Alright, I’ll play. We’ll skip over the Scripture search and allow that Jesus can change something ugly (we won’t define what we mean by ugly here) into something beautiful (we won’t define that either). I’m sure He can. But maybe a better question would be: how does Christ change ugly into beautiful?
The question is asked: when did Christ see something as beautiful when everyone else saw a mess? The answers are given: the woman at well, the woman about to be stoned. Everyone else saw an ugly sinner, but Jesus saw the real person and how valuable and beautiful she was. He affirmed her.
But that’s not what happened. He loved and valued her; that’s true. He loved her better than anyone ever had. He saw her infinitely intrinsic value, broken and marred. Her beauty flawed because of the choices she had embraced. It grieved him.
Then, because he loved her, He did the only loving thing. He saw her sin, and named it sin. In order for transformation to happen, the woman had to agree that she was ugly and sinful. She had to want to disown her sin. She had to humble herself under his judgment and accept His remedy. Then there could be forgiveness, reconciliation, transformation. These women were told to leave their ugliness behind and sin no more. Then there was real beauty.
He did not dress ugly up and call it beautiful. He told her that He and sin could never be reconciled, and asked her to choose. He changed the truly ugly into something beautiful, as only He can. There is an important difference.
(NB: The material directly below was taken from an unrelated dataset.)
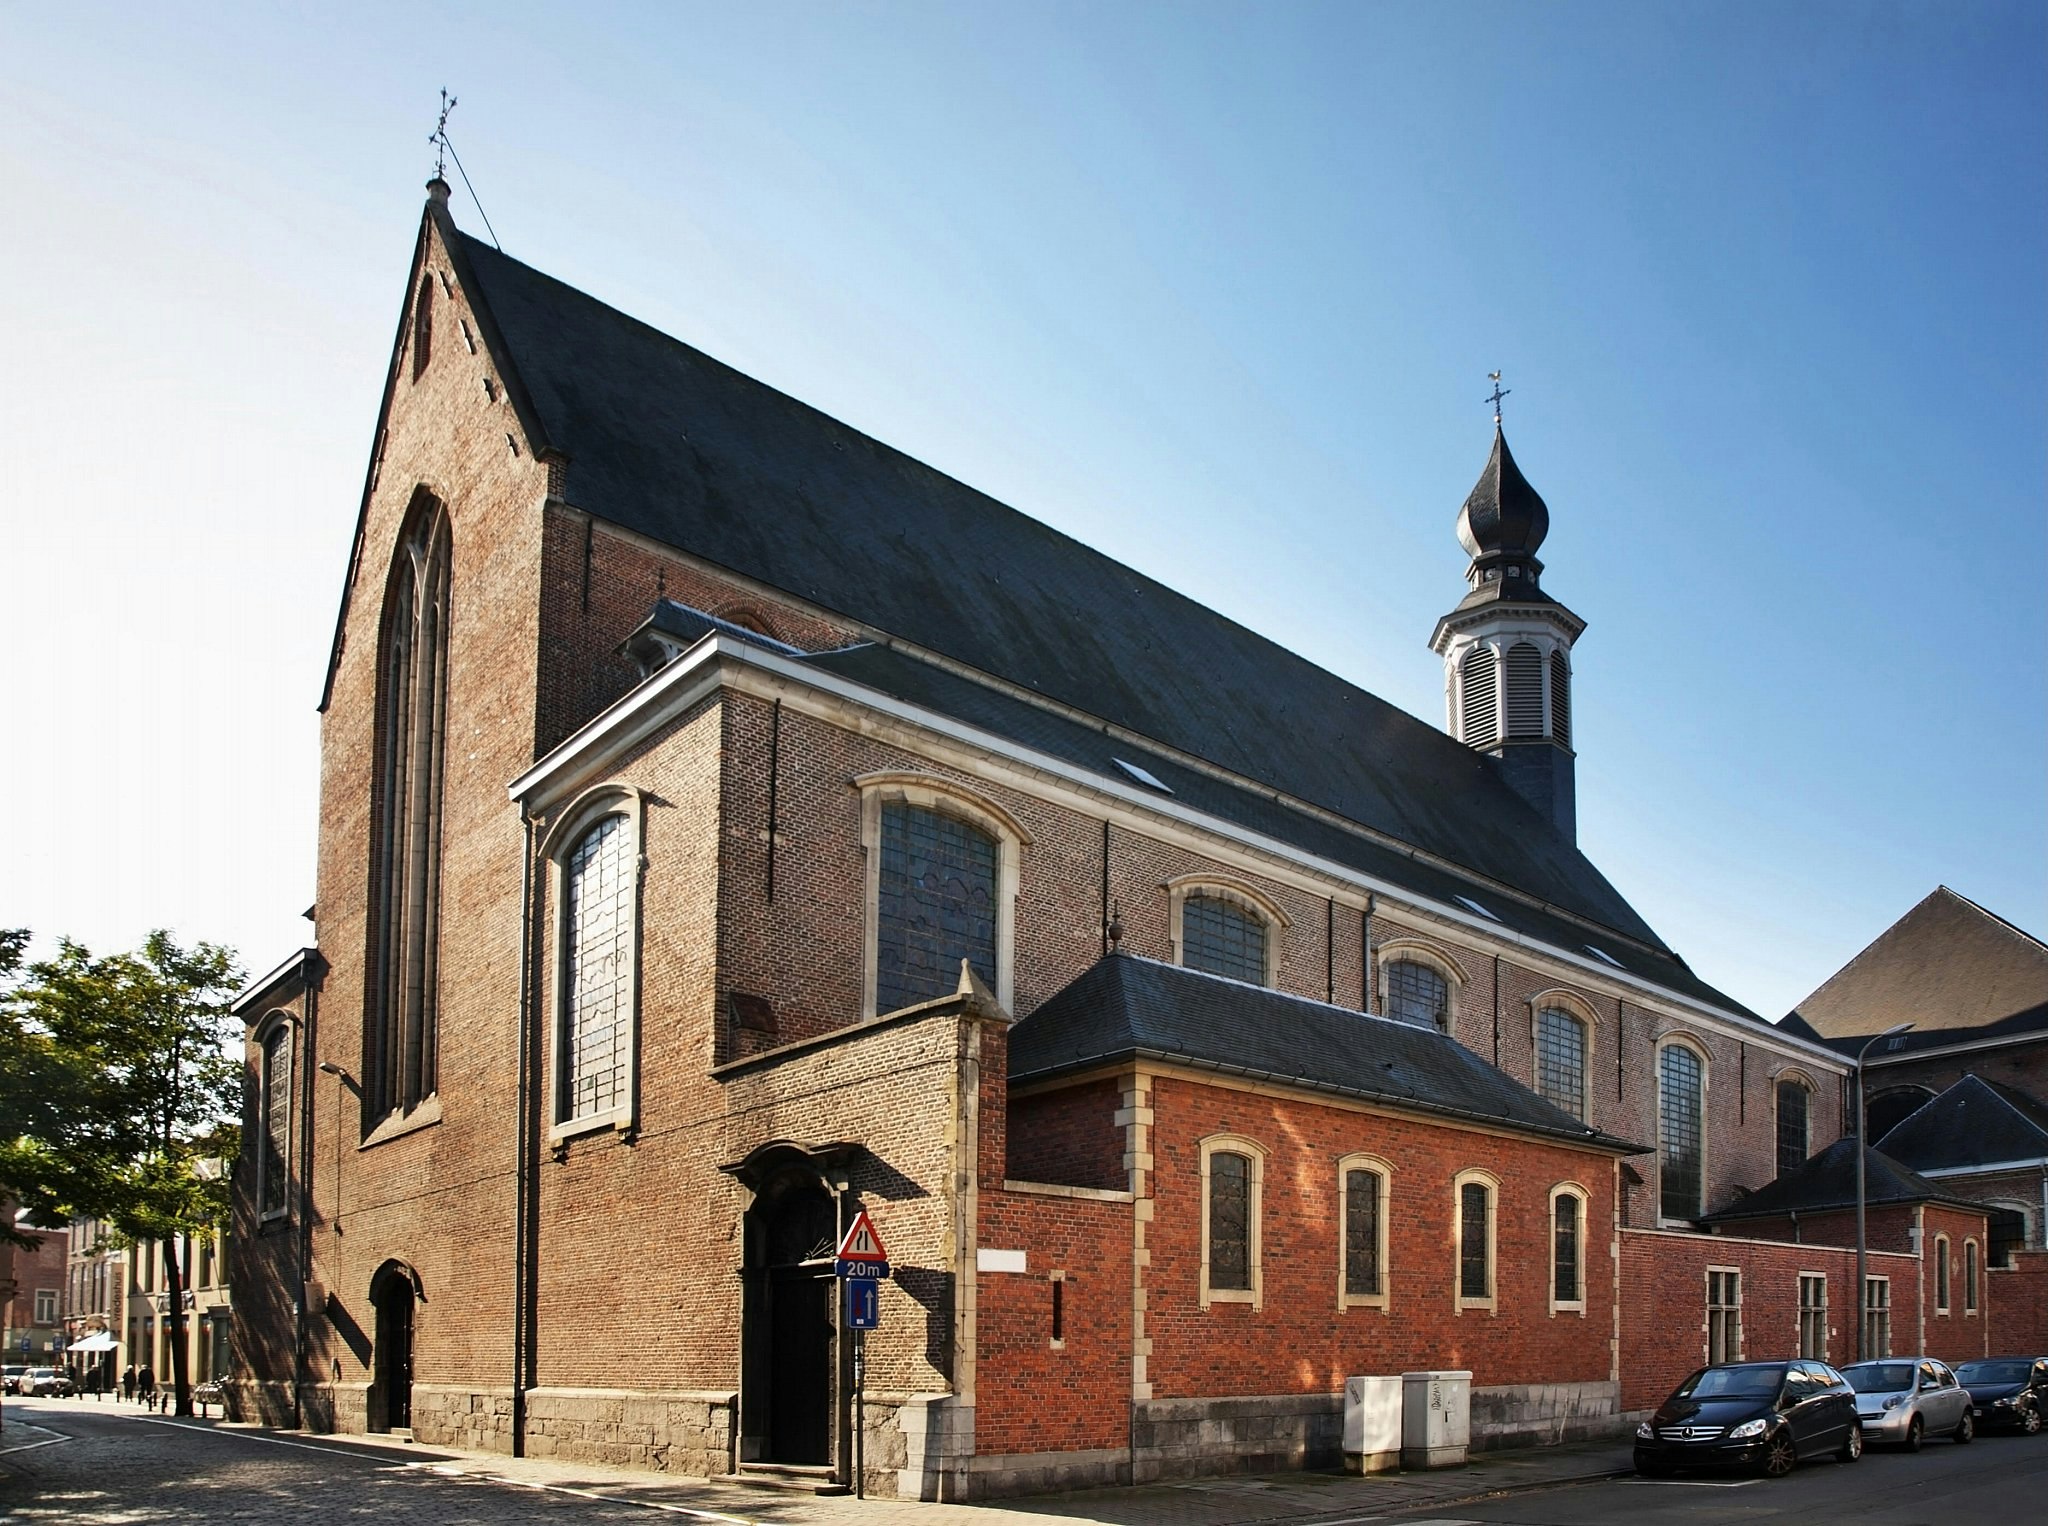 The red-brick exterior of the Augustinian Monastery in Ghent.

If there is beauty, we find it in spite of the ugliness. One doesn’t replace the other, or the distinction is lost.
The sloppy definition of “beauty” is a problem here. At first it means pretty, then it means popular or desirable. Then it means intrinsically valuable. Then it means righteous. Then it means an ugly thing in which I can somehow find some value anyway. Or something.
Should we value things on the basis of their beauty? We are called to something much better: discernment as to whether things are righteous, true, and holy; or evil, unrighteous and polluted. Discerning between the two poles, and all grades between, is absolutely essential. We are to answer the call to use the two weapons we have against deception: our critical thinking, and the indwelling Holy Spirit.
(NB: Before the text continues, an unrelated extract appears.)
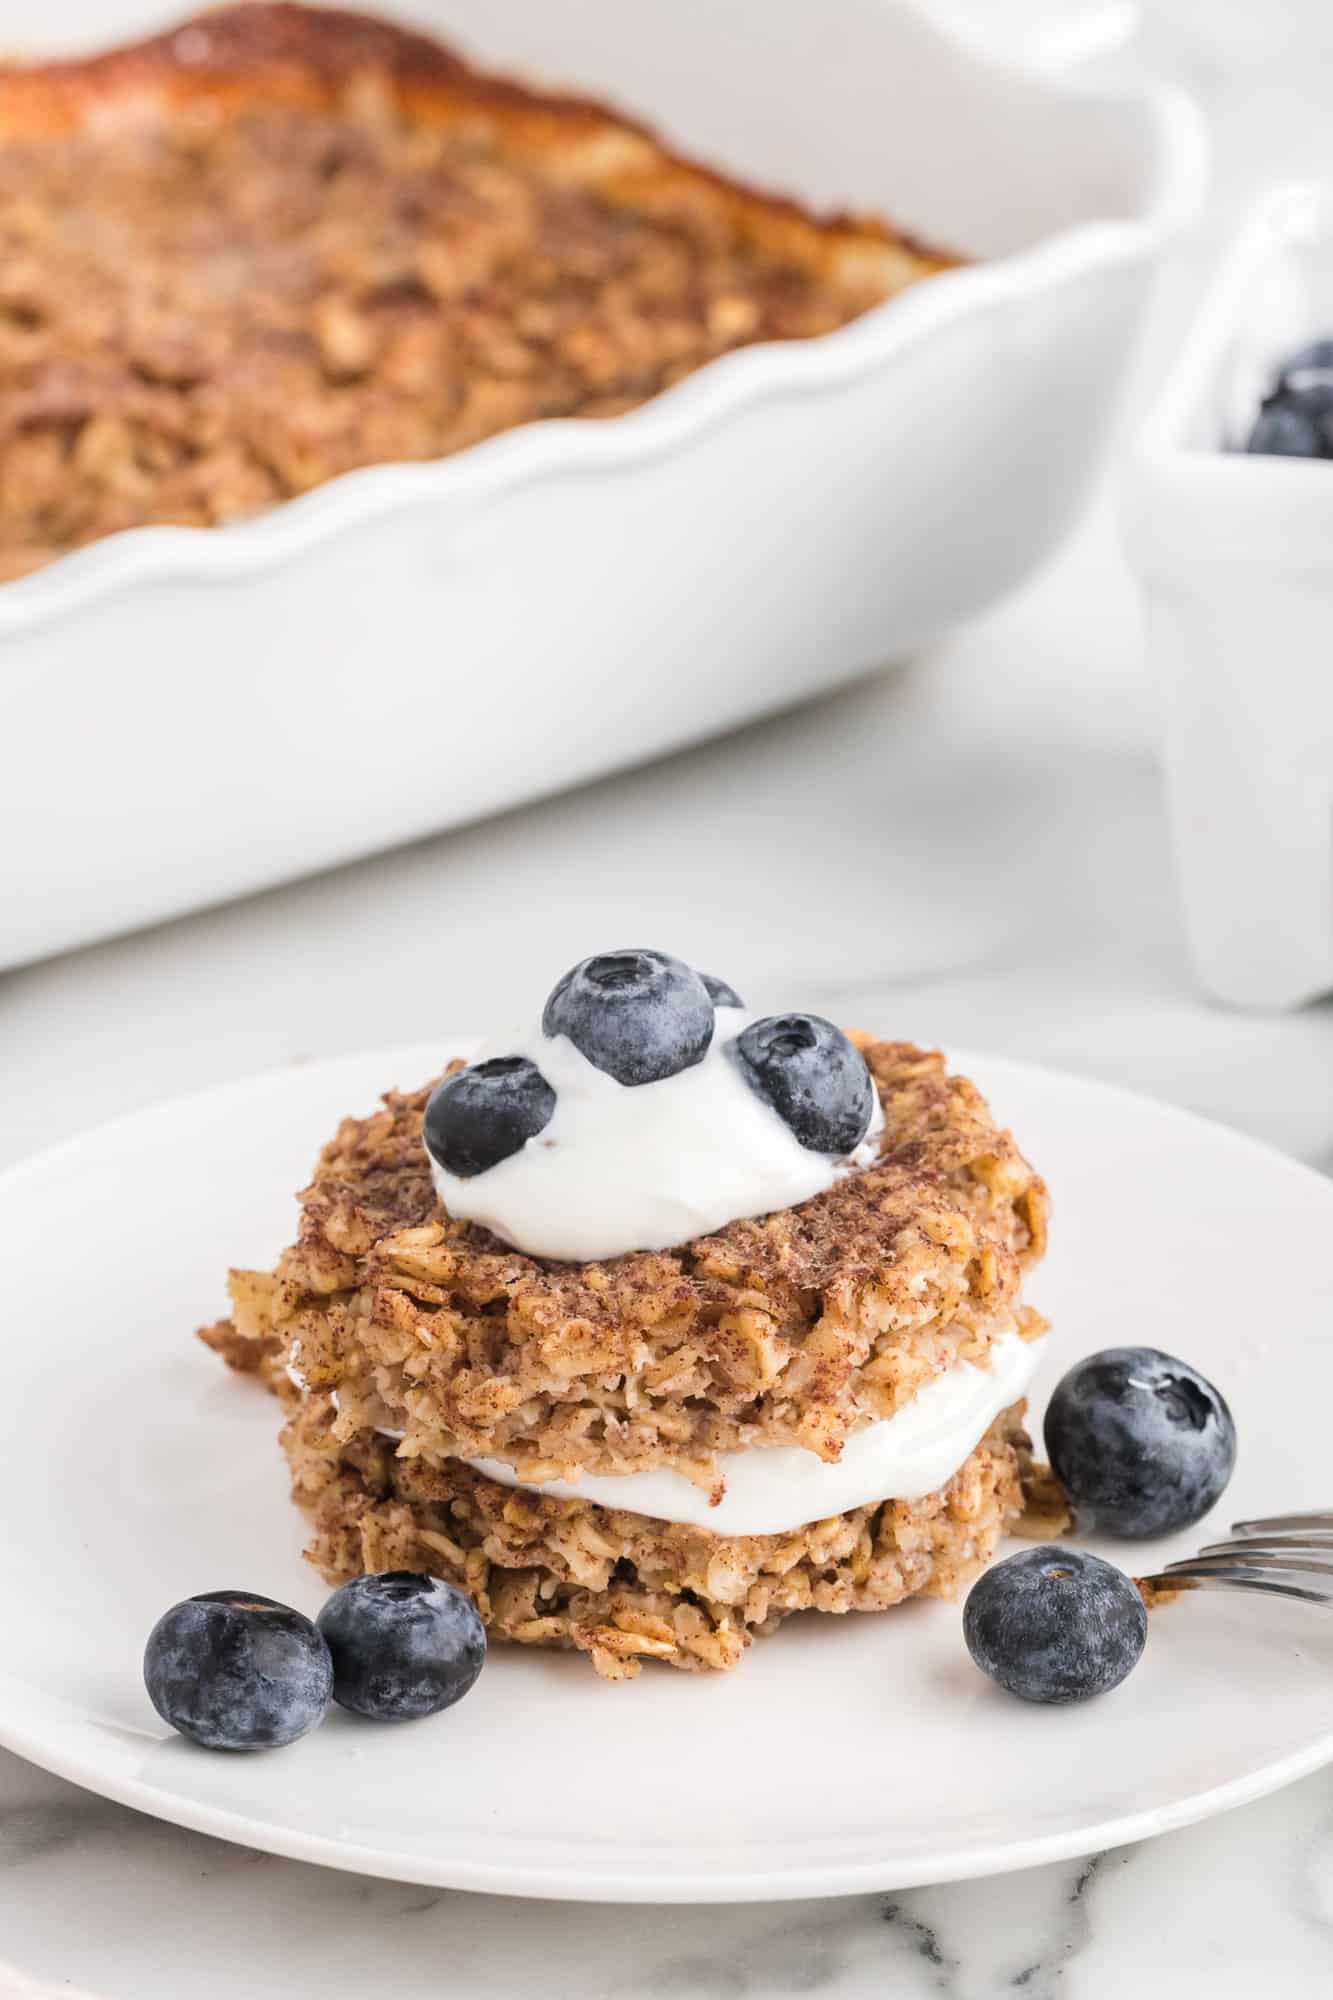 Baked oatmeal layered with yogurt and blueberries.

Then we are called to agree with God’s evaluation.
We are responsible to discern, prove, think. We are nowhere called to evaluate beauty. I’m afraid we are favoring the one over the other. Discernment requires us to apply intelligence, wisdom, and whether we honor God. Evaluation of beauty makes our feelings of first importance.
So bring on the upbeat alternative Christian-ish music, but instead of the sunlight dancing across the floor, the homey garden flowers on the breakfast table, the healthy people running up the picturesque hill, or the down-to-earth rock stars surfing, their hair wet, their eyes laughing; show me the very unpretty things we really do all our days. Don’t show me the rarefied, or even the sadly poetic.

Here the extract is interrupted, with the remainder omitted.